> [Work task]: The listing below should be reproduced precisely, except for its images.
======== Data provided
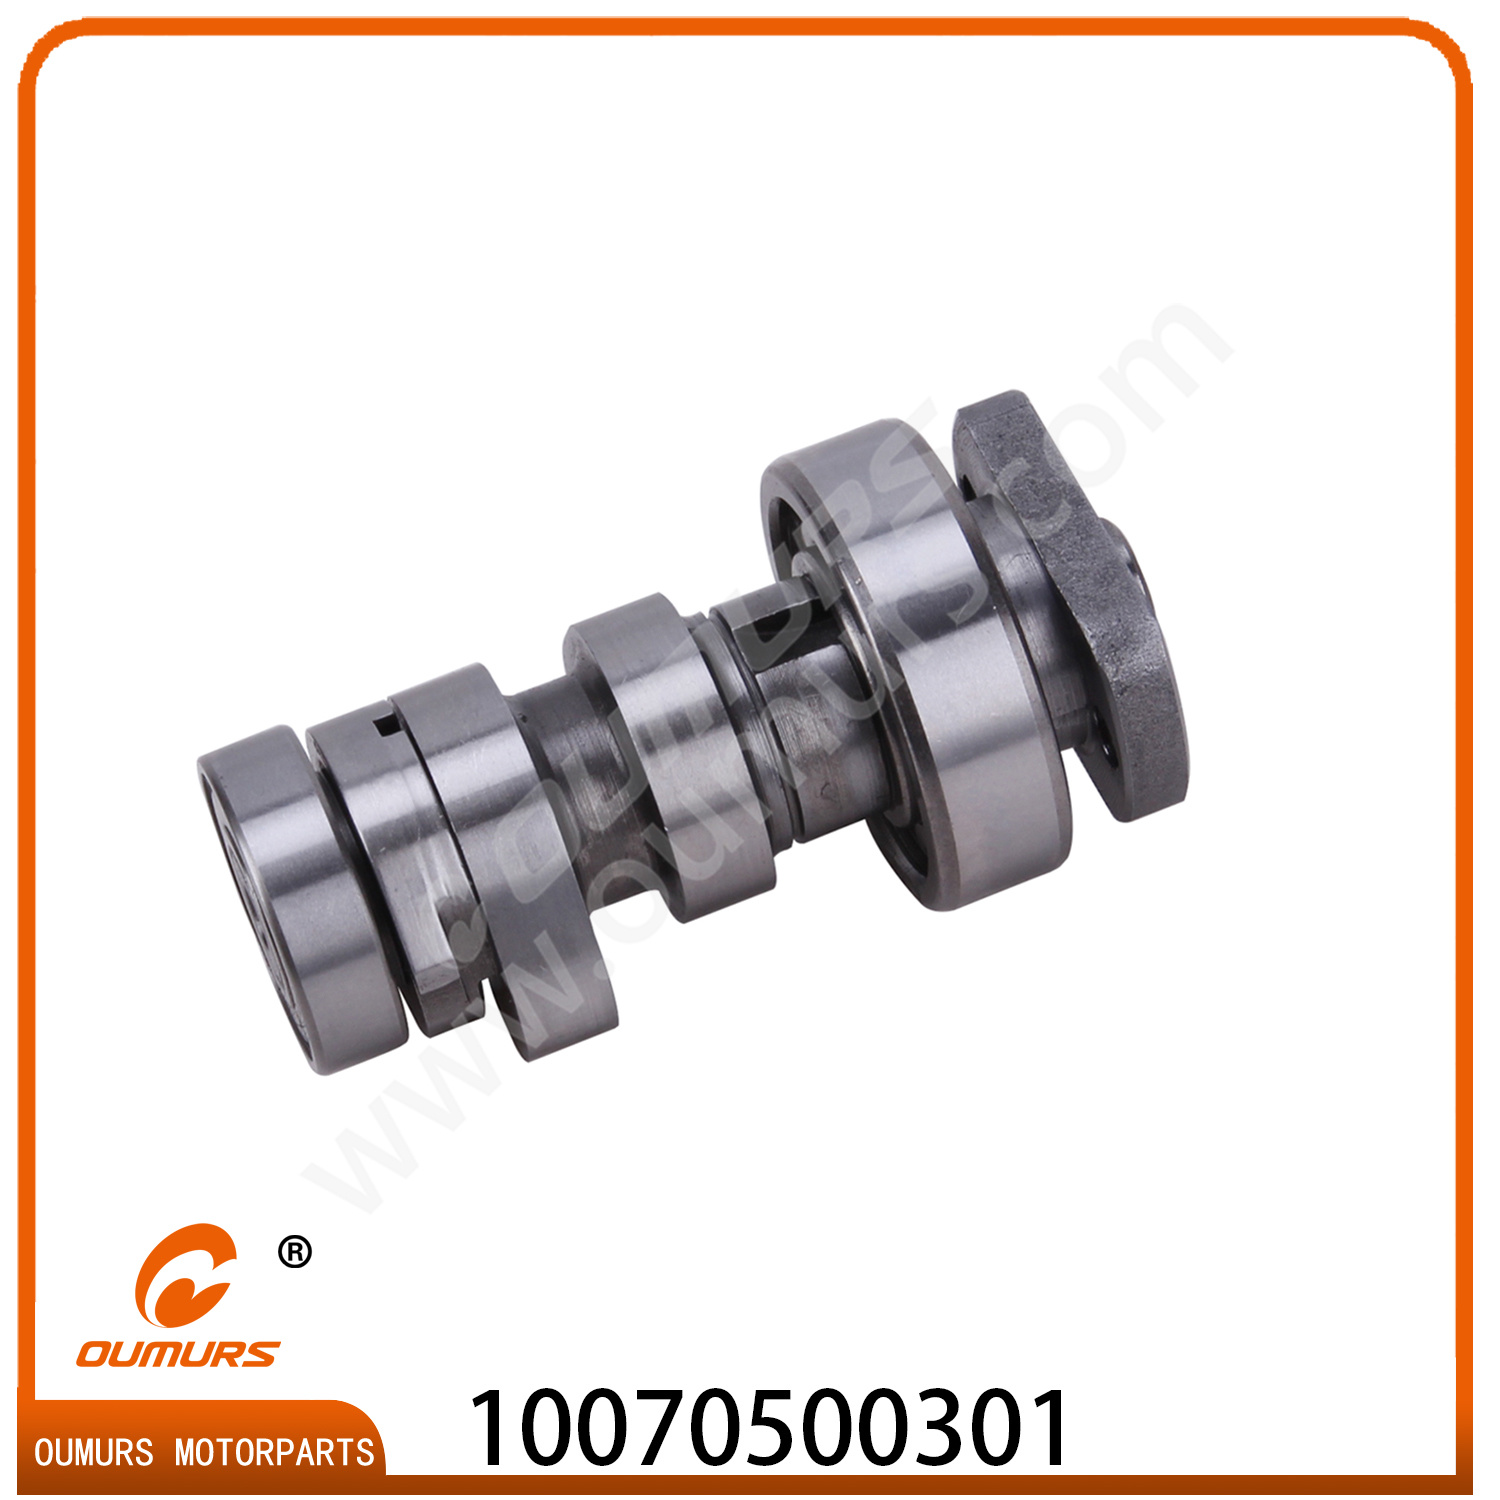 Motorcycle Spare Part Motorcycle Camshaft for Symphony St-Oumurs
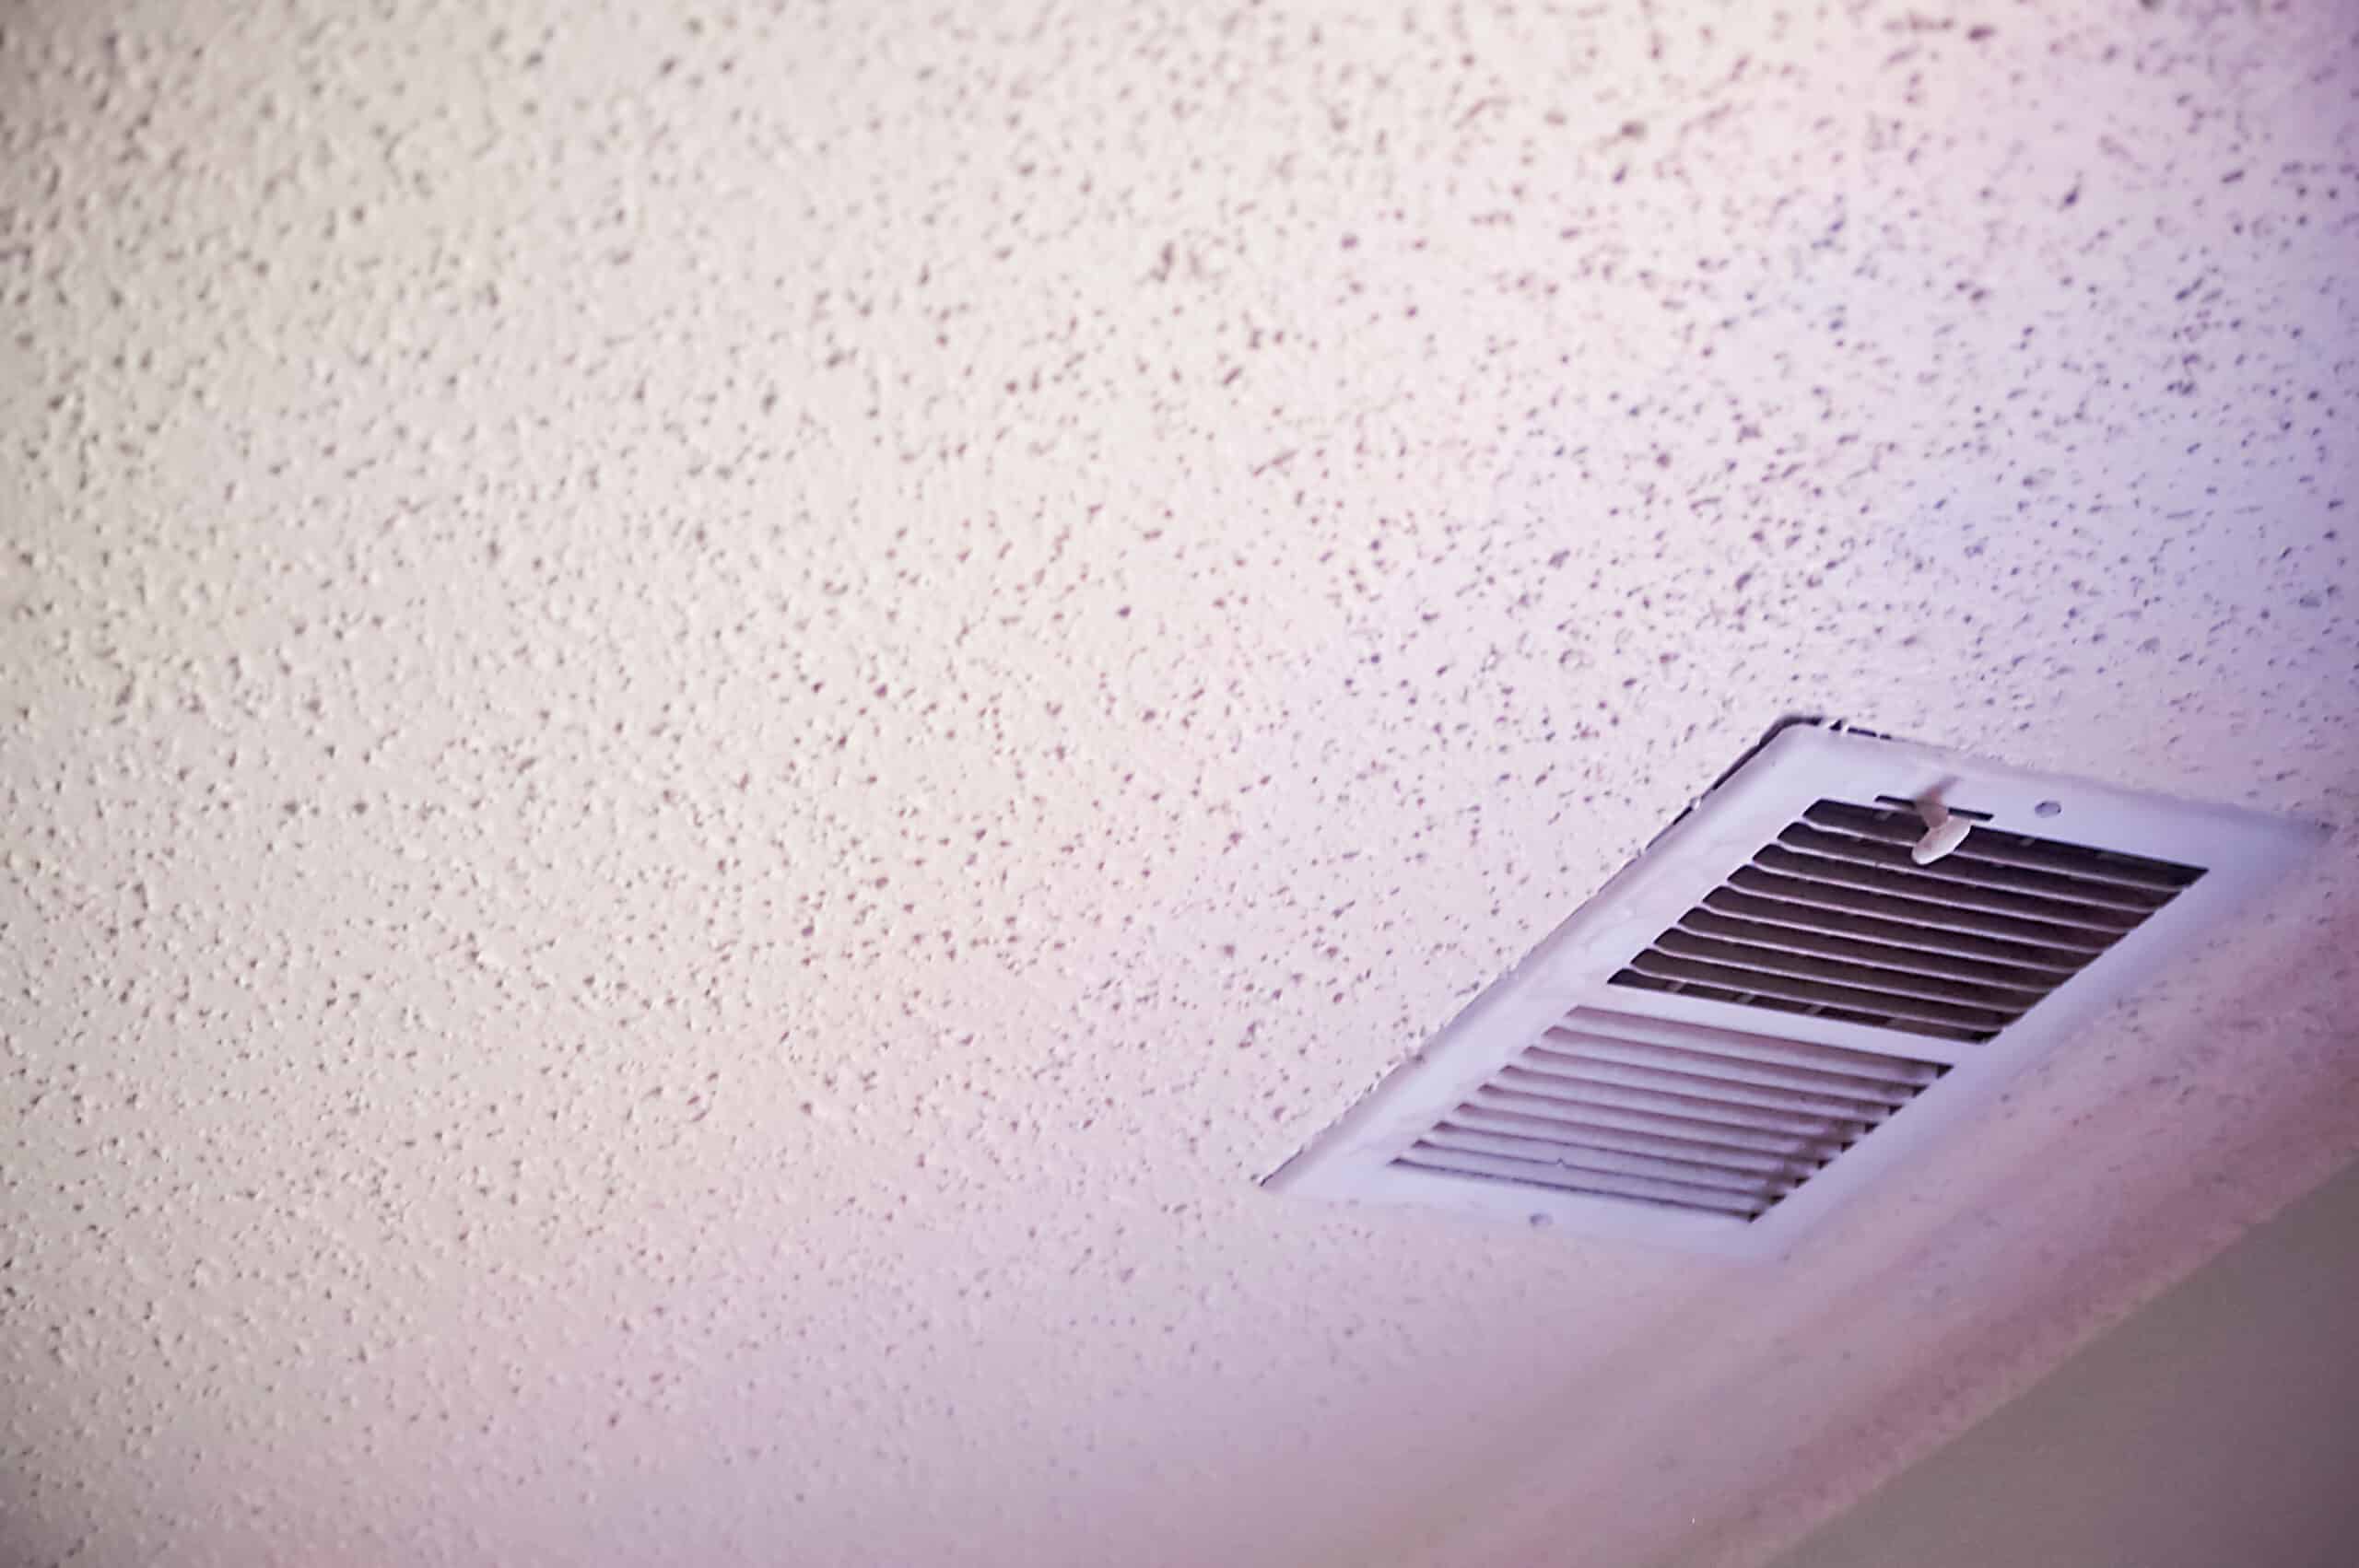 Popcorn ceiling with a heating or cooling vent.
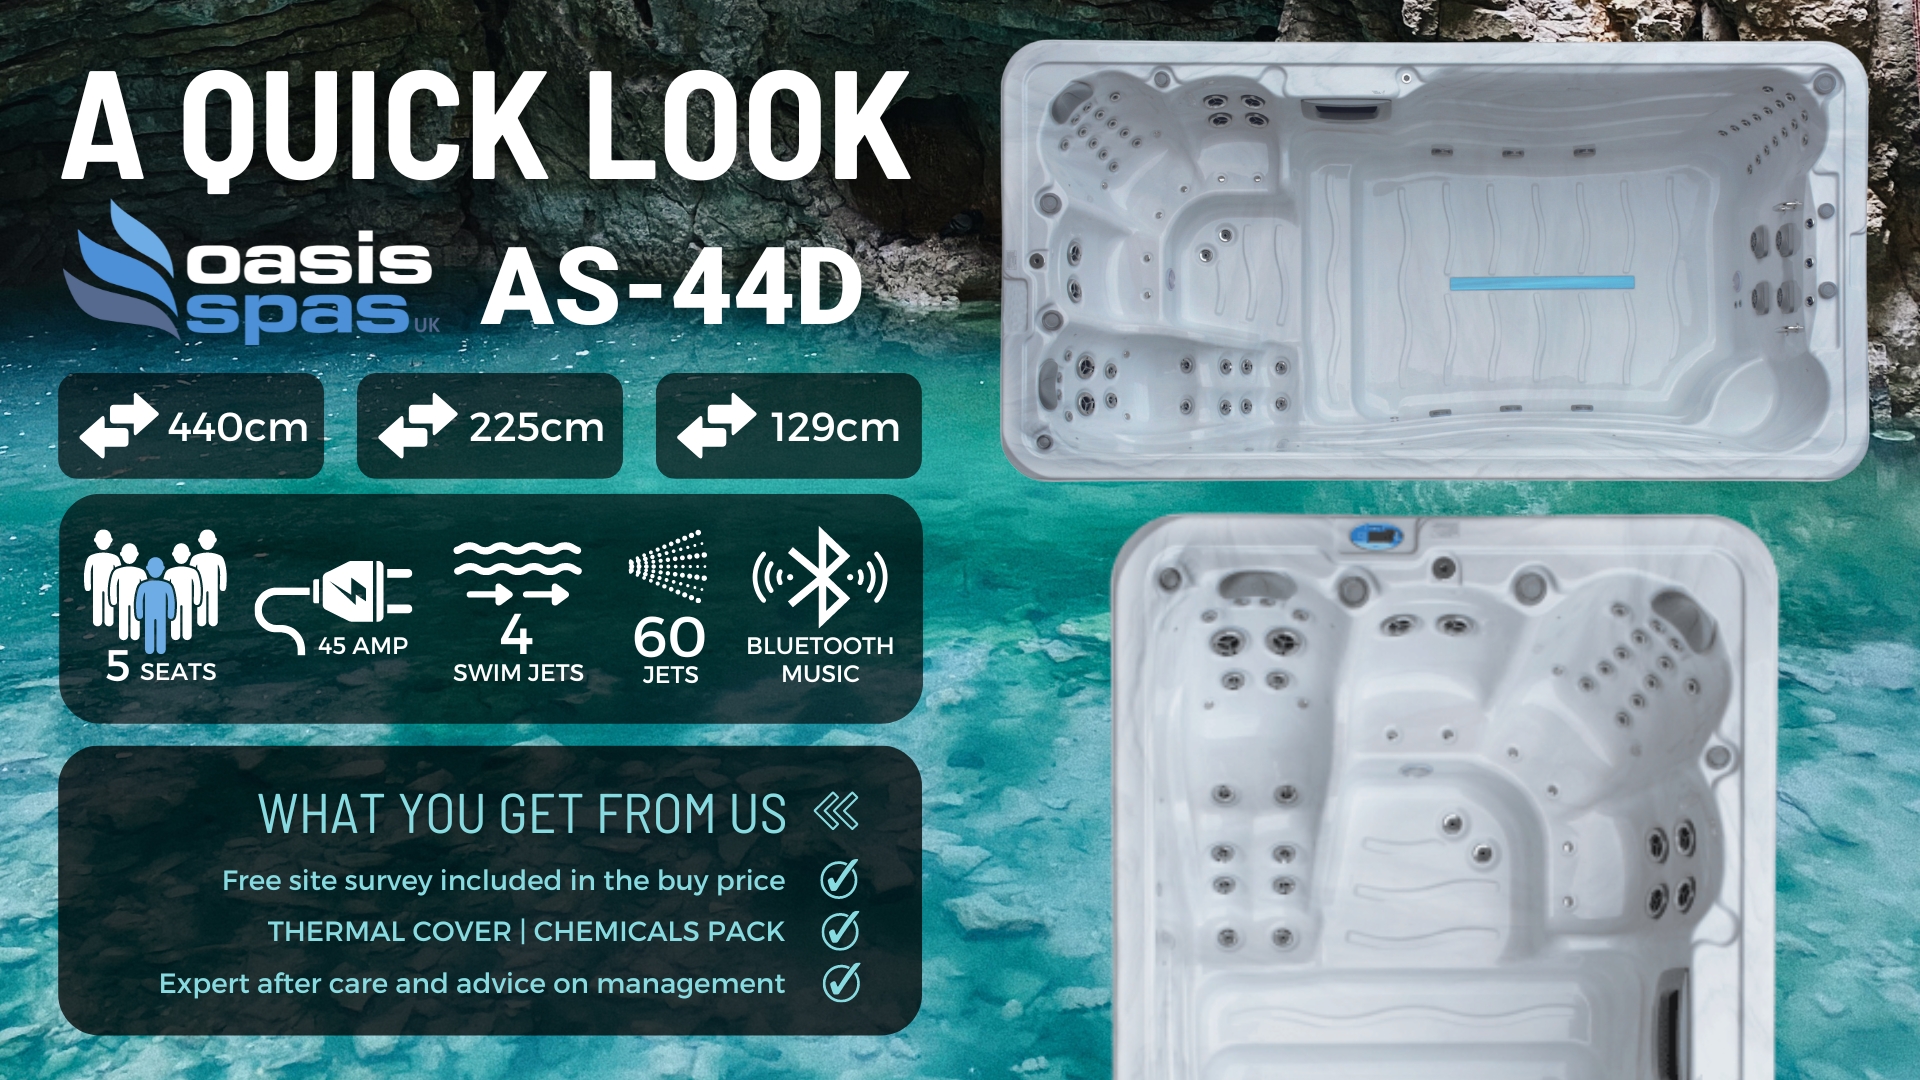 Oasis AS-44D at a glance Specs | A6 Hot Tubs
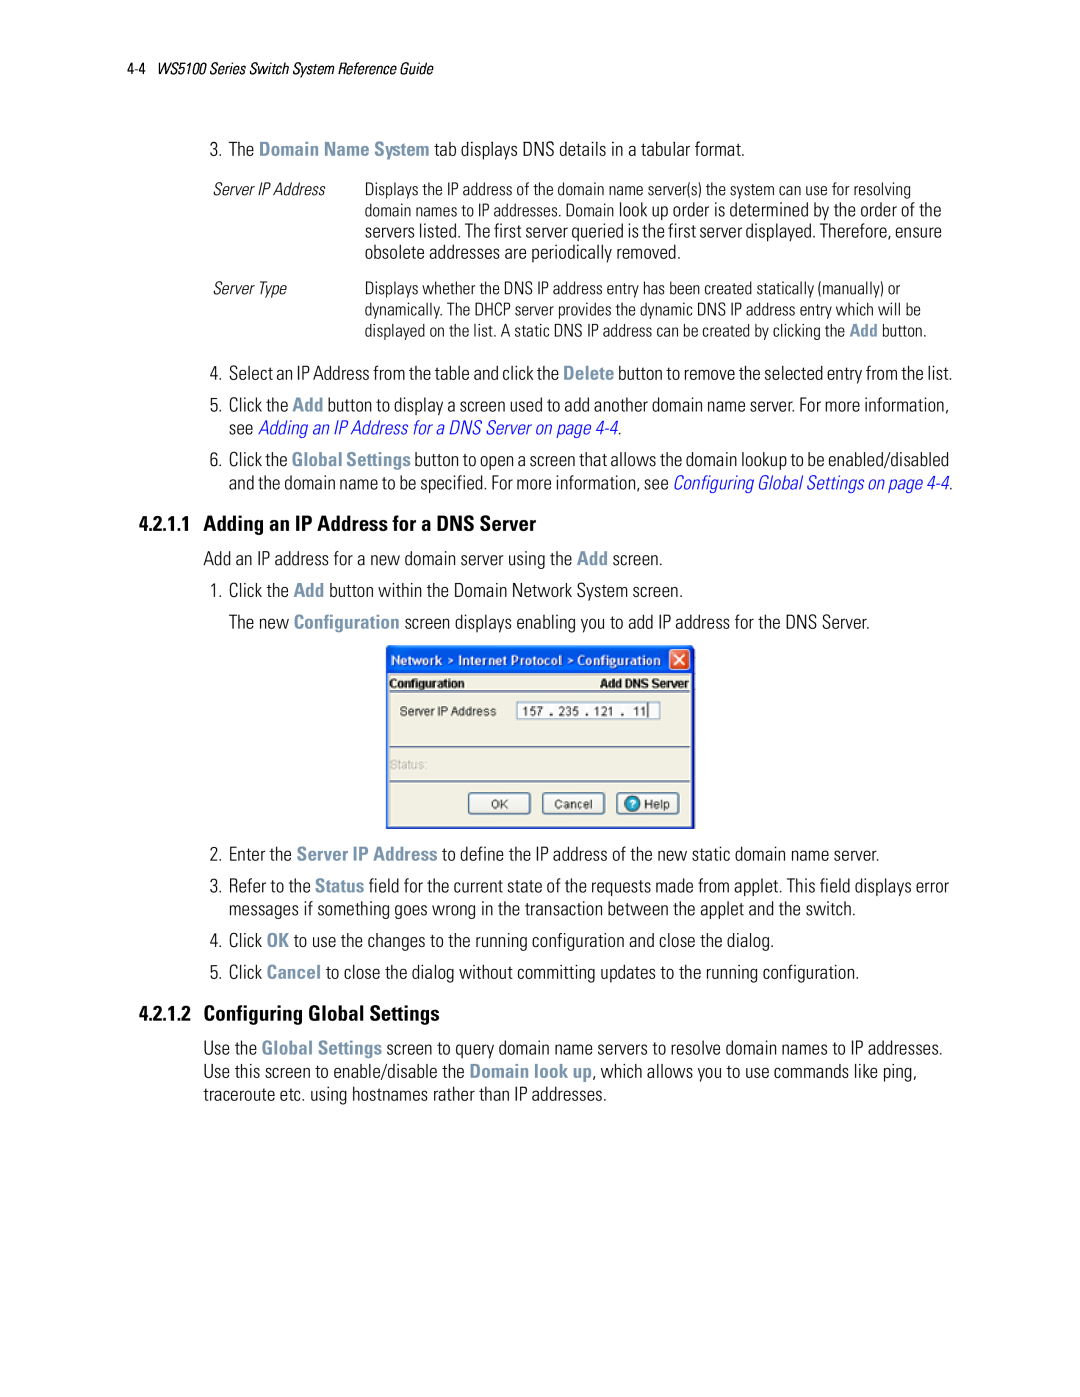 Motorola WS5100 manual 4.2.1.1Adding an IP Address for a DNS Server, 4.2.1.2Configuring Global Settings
================
> [Written response]:
 Motorcycle Spare Part Motorcycle Camshaft for Symphony St-Oumurs
 Popcorn ceiling with a heating or cooling vent.
 Oasis AS-44D at a glance Specs | A6 Hot Tubs
 Motorola WS5100 manual 4.2.1.1Adding an IP Address for a DNS Server, 4.2.1.2Configuring Global Settings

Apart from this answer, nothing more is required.